Uncontrolled Data QuickStart Guide
Cancer Genomics Cloud
Uncontrolled Data QuickStart Guide
Step 1: Project creation and setup
Let’s go through the steps of creating a project to learn more about the options of how they can be configured. Steps 1a-g describe how to create a project and adjust the settings that affect the whole project. Most of these will be the default value, and more detail on each field is provided below.
Step 1a. On the main dashboard, select the green “Create a project” button on the left-hand side of the screen.
Step 1a: Creating a Project from the Dashboard
Name the project
Step 1b. Following along with the red step indicators in the screenshot below, we begin by picking a name for your project. In this guide, we will use “Example Project.” Type “Example Project” the first field.
Your project will be assigned a short name based on the name that you give it, which is used as an ID to refer to the project.
Step 1b-g: Create a project
Note: Depending on your credentials, you may or may not see a Controlled data banner in red (see screenshot below). For the purposes of this tutorial, leave the Controlled data banner unchecked if it is visible.

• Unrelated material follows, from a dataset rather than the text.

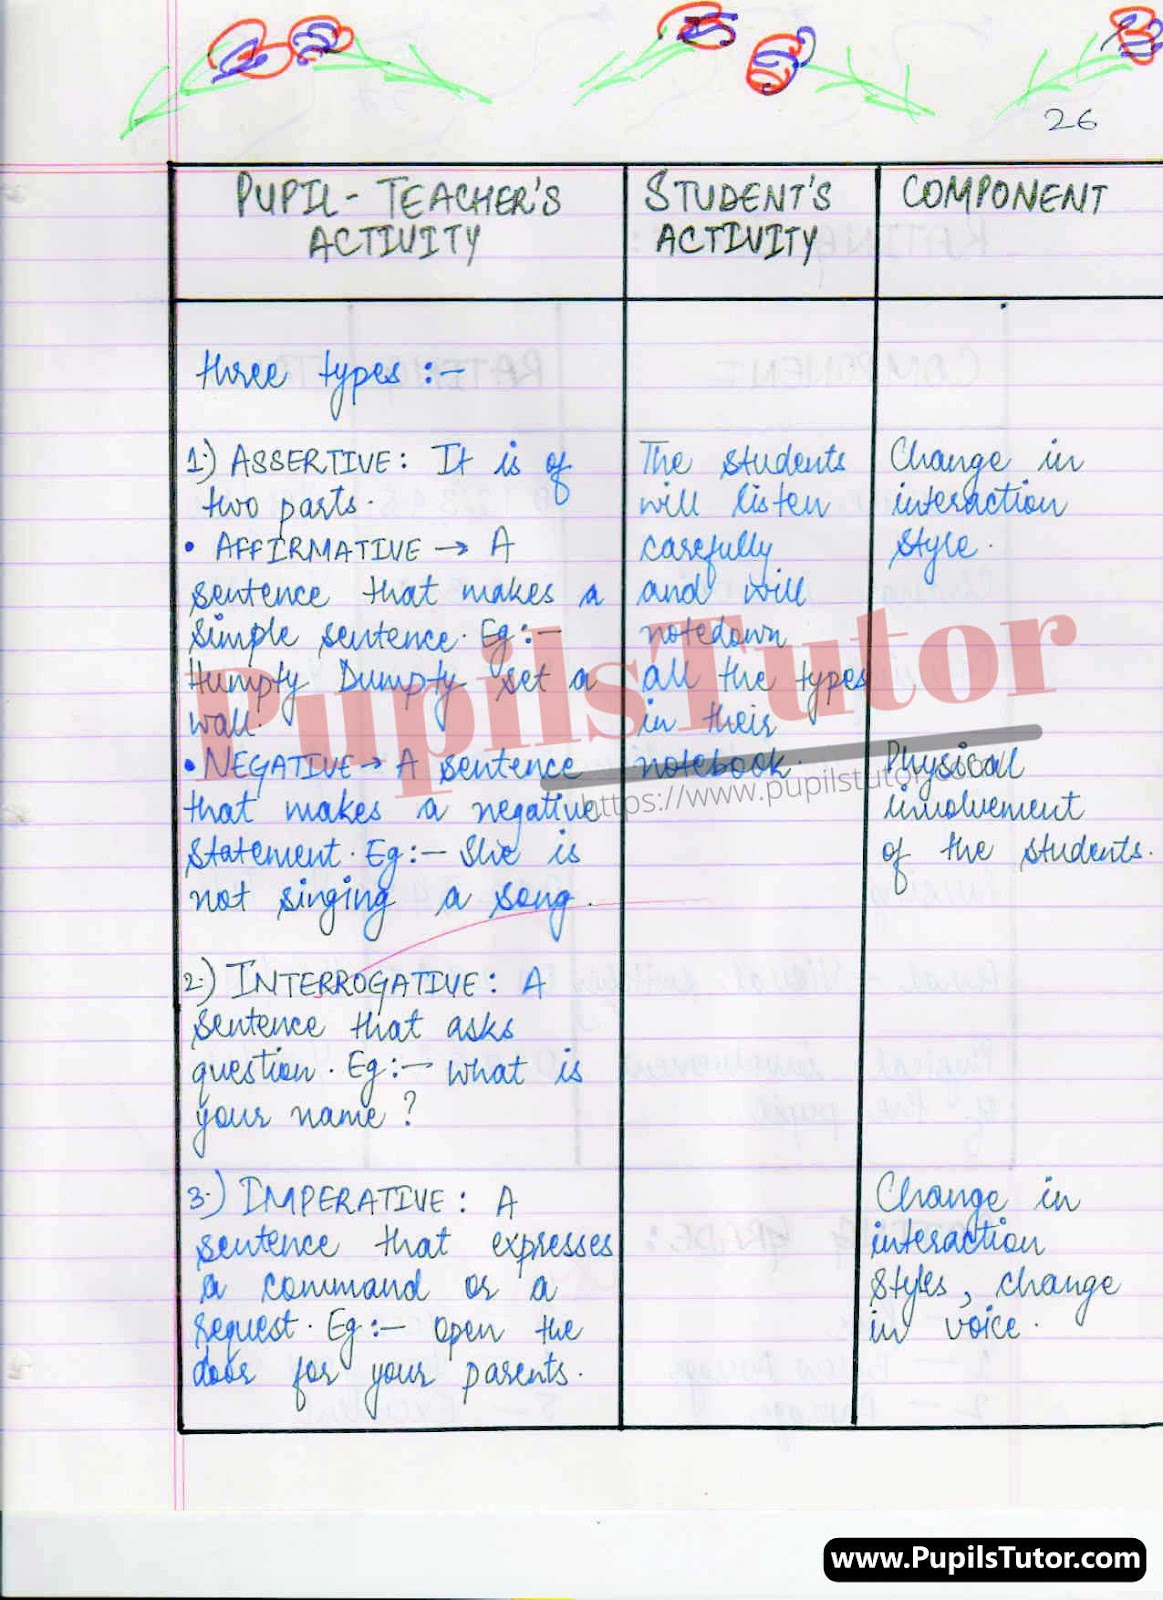 Class/Grade 4 To 9 English Microteaching Skill Of Explanation Lesson Plan On Types OF Sentences For CBSE NCERT KVS School And University College Teachers – (Page And Image Number 3) – www.pupilstutor.com

Billing groups are used to track the costs associated with cloud storage and computation on the platform. Each project must be assigned a billing group. New users are automatically assigned a “Pilot Funds” billing group upon account registration with $300 in cloud credits to get started with analyses. The Seven Bridges Support Team will reach out when you are close to using up your Pilot Funds and offer to create a new billing group for further work.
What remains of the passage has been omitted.